Early Medieval Carved Stones Project (11 July 2018)

Meigle 3, Perthshire, Pictish cross-slab fragment

Measurements: H 0.41m, W 0.33m, D 0.07mm

Stone type: sandstone

Place of discovery: NO 2873 4460

Present location: Meigle Museum.

Evidence for discovery: when Skene sketched it in the early 1830s, it was built into the wall of the stable court at Kirkhill, with face C visible. Subsequently it was removed and the broken lower edge was cut back to form a tenon, as illustrated by Chalmers and Stuart in the mid nineteenth century. This tenon was later chiselled away for reuse as a building stone.

Present condition: only the top portion survives, on which some of the carving and the edges are damaged.

Description

This fragment belonged to a small grave-marker with a top shaped into a pediment. It is carved in relief on both broad faces, within a plain flat-band moulding. The width and height of face A are spanned by a cross with rectangular terminals and rounded armpits, the whole outlined by a roll moulding. A central roundel contains three spirals and the arms are filled with heavy diagonal key pattern. Below the left arm is part of a double-disc symbol, the surviving disc containing a spiral.

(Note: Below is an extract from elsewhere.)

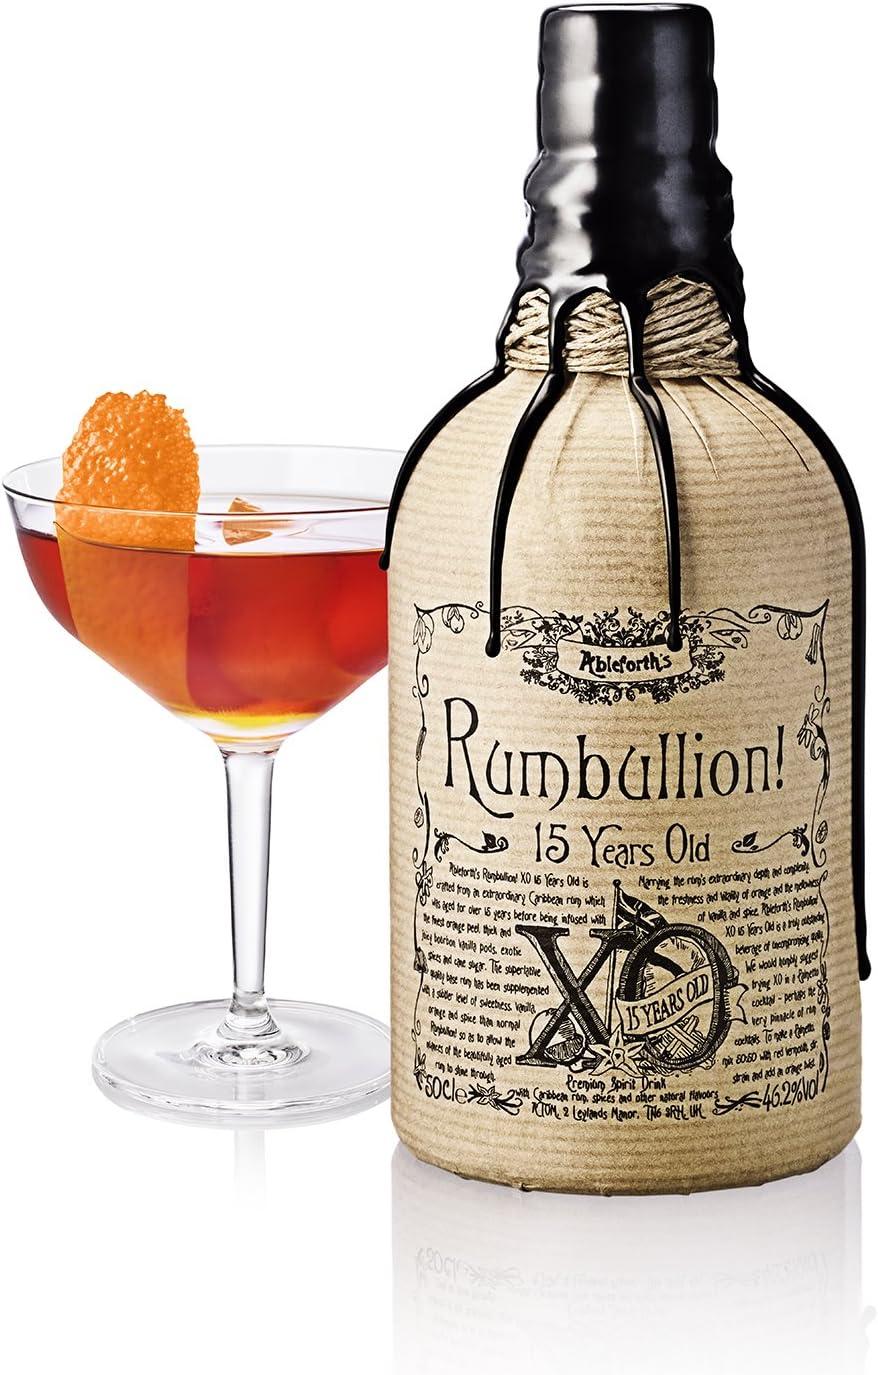 Ableforths Rumbullion! XO 15 Years Old Premium Spirit Drink ...

Face C is carved with a solitary warrior riding a horse cantering towards the left. The rider is bearded and has curly hair, and he is armed with a sword and spear. The sword scabbard has a D-shaped chap or protective terminal. He is sitting on a striped saddle-cloth which appears to show a slipper-stirrup in which his left foot is braced, but it may simply be a shoe.

Date: ninth century.

References: ECMS pt 3, 296-7; RCAHMS 1994, 98; Fraser 2008, no 189.2.

Desk-based information compiled by A Ritchie 2018

Archaeology Notes (1990)

NO24SE 25.03 2872 4459.

The upper part of a gabled cross-slab was formerly built into the wall of the old parish church (NO24SE 33.00), and the lower part of the stone has been re-shaped on two occasions; the slab now measures 0.41m in height, 0.33m in width and 0.07m in thickness. The cross has rounded armpits and is decorated with key-pattern around a central triple spiral; to the left of the shaft there is a fragmentary double-disc symbol. On the back there is a bearded horseman with a spear, a sword in a scabbard with a chape, and a pointed shoe; his saddle-cloth bears

a striped pattern.

Chalmers, followed by Stuart, illustrated a tenon at the base of the fragment, as though the stone had been refashioned in antiquity in order to fit into a socketed recumbent slab, but the tenon no longer survives, and this feature is thus shown within dashed lines on the accompanying figure.

Information from RCAHMS (JNGR) 1990

P Chalmers 1848; J Stuart 1856.

Activities

Publication Account (1964)

No. 3 Upper part of upright cross-slab; decorated on the left of the shaft the top of the double-disc symbol: on the other side, a horseman wearing pointed shoes, armed with spear and sword. Note reins, bridle and saddle-cloth.